Modern-day warfare is very expensive, as well as destructive. A state must have serious economic power and a healthy defence budget to ensure it has access to up-to-date military hardware and remote-controlled combat equipment.
Put simply, this is why Azerbaijan won the recent 45-day war in Nagorny Karabakh. An analysis of the number shows that – while in recent years Armenia spent more per capita on defence than Azerbaijan – diversification and oil revenue gave Baku the advantage.
First of all, Azerbaijan has been able to diversify its foreign arms purchases.
Israel was Azerbaijan’s first largest military trading partner in arms imports in 2015-2019. Its share of Azerbaijan’s arms imports during that period was 60 per cent, with Russia providing 31 per cent and Turkey 3.2 per cent. The remaining 5.8 per cent was divided between Ukraine, Belarus, Pakistan and China.
This allowed Azerbaijan to modernise its weapons fleet. The use of weapons such as Bayraktar TB2, a Turkish medium altitude long endurance unmanned aerial vehicle, and the Israeli Heron-TP drone played an important role in swinging the war in favour of Azerbaijan.
The Azerbaijani government prefers current political allies when choosing partners for military trade. Thus Russia was its main partner in 2010-2015 – with Azerbaijan purchases of military equipment accounting for five per cent of exports – Israel in 2015-2019, and Turkey in 2020.
Azerbaijani-Turkish military cooperation has long been close; trainings involving both armies of the two countries and involving all types of troops grows every year. There were seven such events in 2013, rising to 13 in 2019.
In the first nine months of 2020, Azerbaijan’s arms imports from Turkey’s defence and aviation sector amounted to 123.26 million dollars. This made Azerbaijan the world’s fourth largest importer of weapons from Turkey. In September Azerbaijan topped the list, buying 77.167 million dollars worth of weapons.
In contrast, however, Armenia remained dependent on Russia as its main weapons supplier, with its agreement applying only to internationally regognised Armenian territory and not Karabakh.
Due to the secrecy surrounding military cooperation between the two countries, it is difficult to determine the scope and characteristics of this trade.
The only sources are the credit agreements between Armenia and Russia. Armenia’s expenditure programme for 2018-2020 envisaged a 60 million dollar annual increase in military expenditures spending, with the goal of increasing the share of military expenditures in GDP to 4 per cent by 2020.
In 2017, Armenia’s military expenditure amounted to 450 million dollars and a 3.6 per cent share of GDP. Part of its arsenal consisted of outdated, even Soviet-era weapons, with a heavy reliance on tanks and artillery.

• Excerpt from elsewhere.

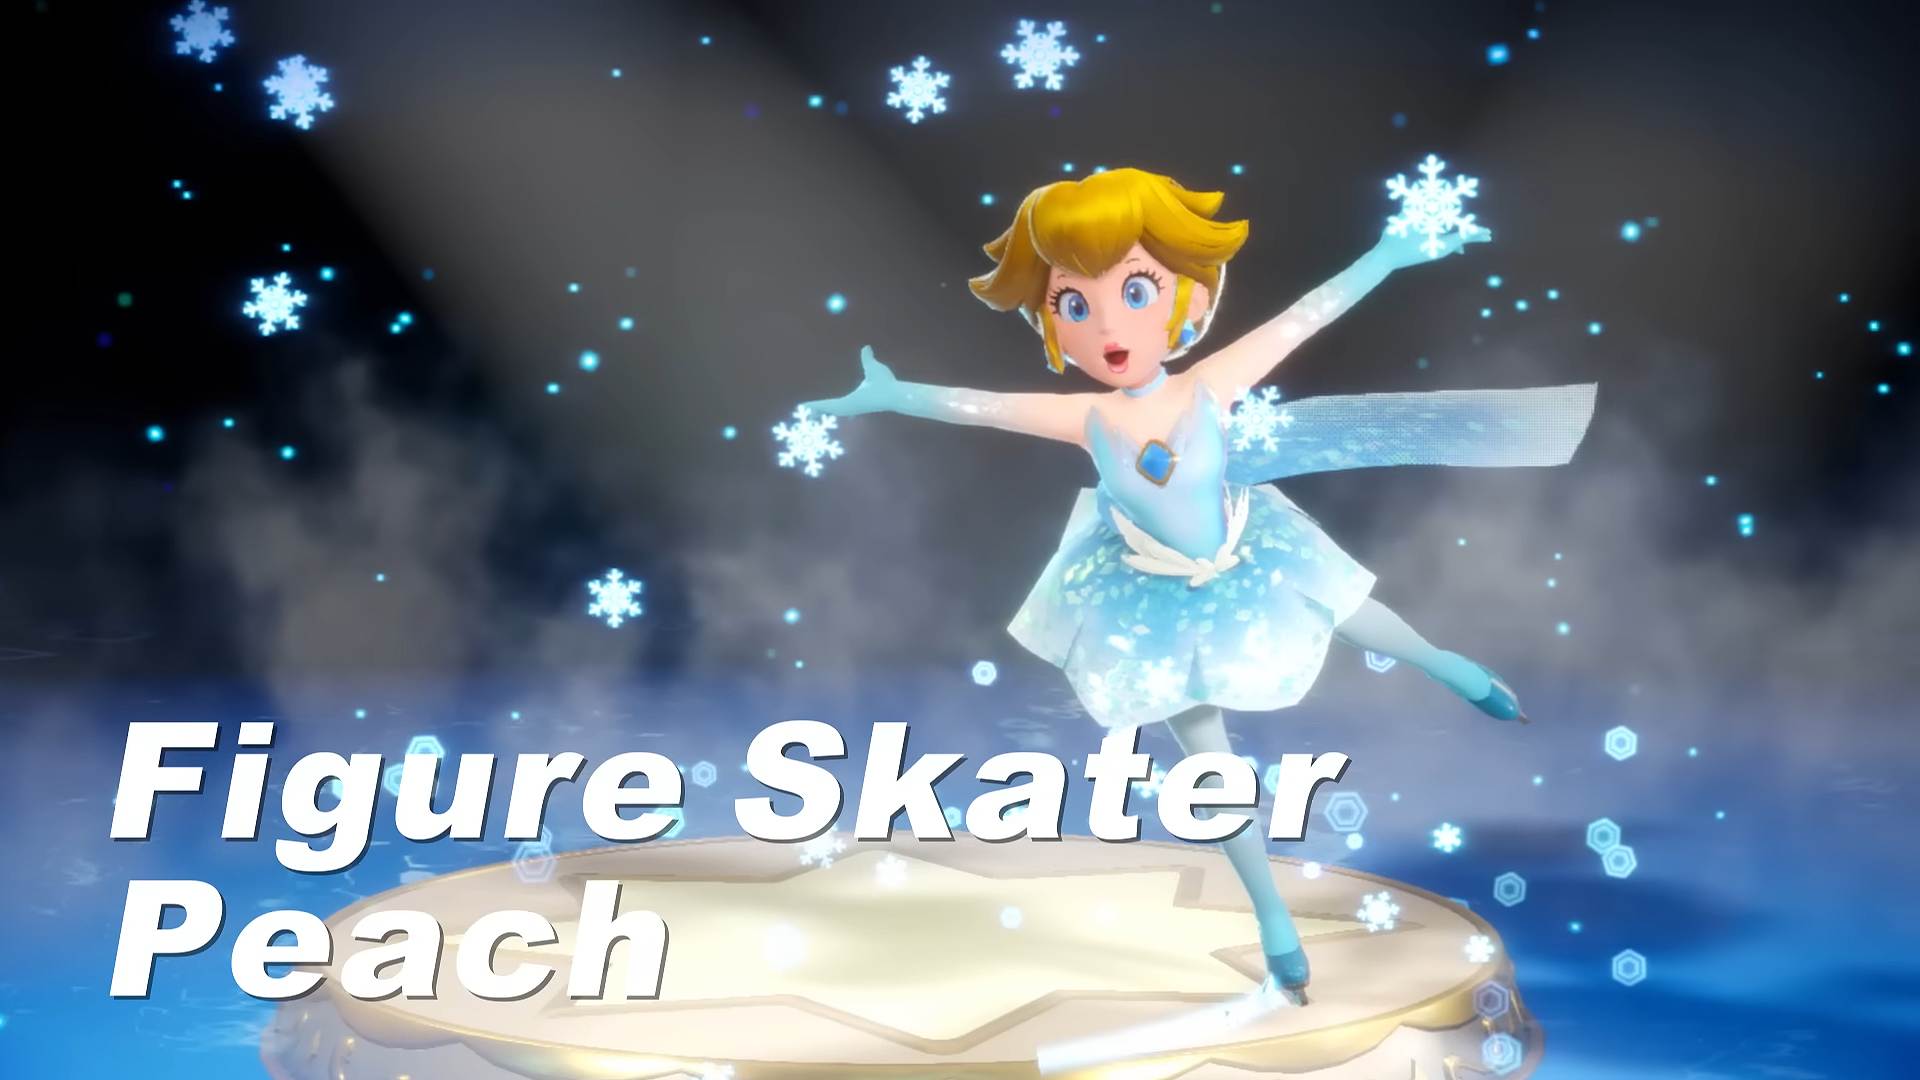 Figure Skater Peach outfit

Two weeks before the start of the latest Karabakh war, minister of defence David Tonoyan told reporters, “Armenia has twice received loans for the purchase of modern weapons and military equipment.
“Under the first agreement, 200 million dollars worth of weapons and equipment were delivered to the country. The process of signing another 100 million dollar loan agreement is underway.”
Azerbaijan’s military spending depends heavily on its oil revenues. When oil revenues peaked between 2010 to 2015, most of the money that the State Oil Fund of Azerbaijan Republic (SOFAZ) transferred to the budget was used to fund social and military projects.
Azerbaijan’s increase in military spending forced Armenia to follow suit. But while the oil-rich Azerbaijani economy did not suffer unduly, this became a significant financial burden for Armenia.
This in turn affected the mobilisation of the Armenian army, as young people of fighting age left the country in large numbers to seek work abroad.
Armenia spends proportionally more on the military, but this is to be expected given that that its GDP is four times less than that of Azerbaijan. Last year, Armenia’s military expenditure amounted to 673 million dollars while Azerbaijan’s was 1,850 million. This meant that, per capita military expenditures in Azerbaijan last year amounted to 184 dollars, compared to 232 dollars in Armenia.
Ultimately, it was Azerbaijan’s superior military that won them the war and forced a deal on Armenia that saw them lose control over the cultural and historical capital of Shusha alongside several parts of Karabakh and surrounding territories that had been under Armenian control since 1994.
Armenia must withdraw from these territories, while Russian peacekeepers will monitor the ceasefire, mainly through the Lachin corridor, one of two main supply routes that connect Karabakh to Armenia.
According to the Global Firepower 2020 report ranking the world’s strongest armies, Azerbaijan is 64 out of 138 countries. Armenia is ranked at 111th. Given these figures, and in the absence of a diplomatic or negotiated settlement, Baku always had the military advantage.
Gubad Ibadoglu is a senior policy analyst at the Baku-based Economic Research Center.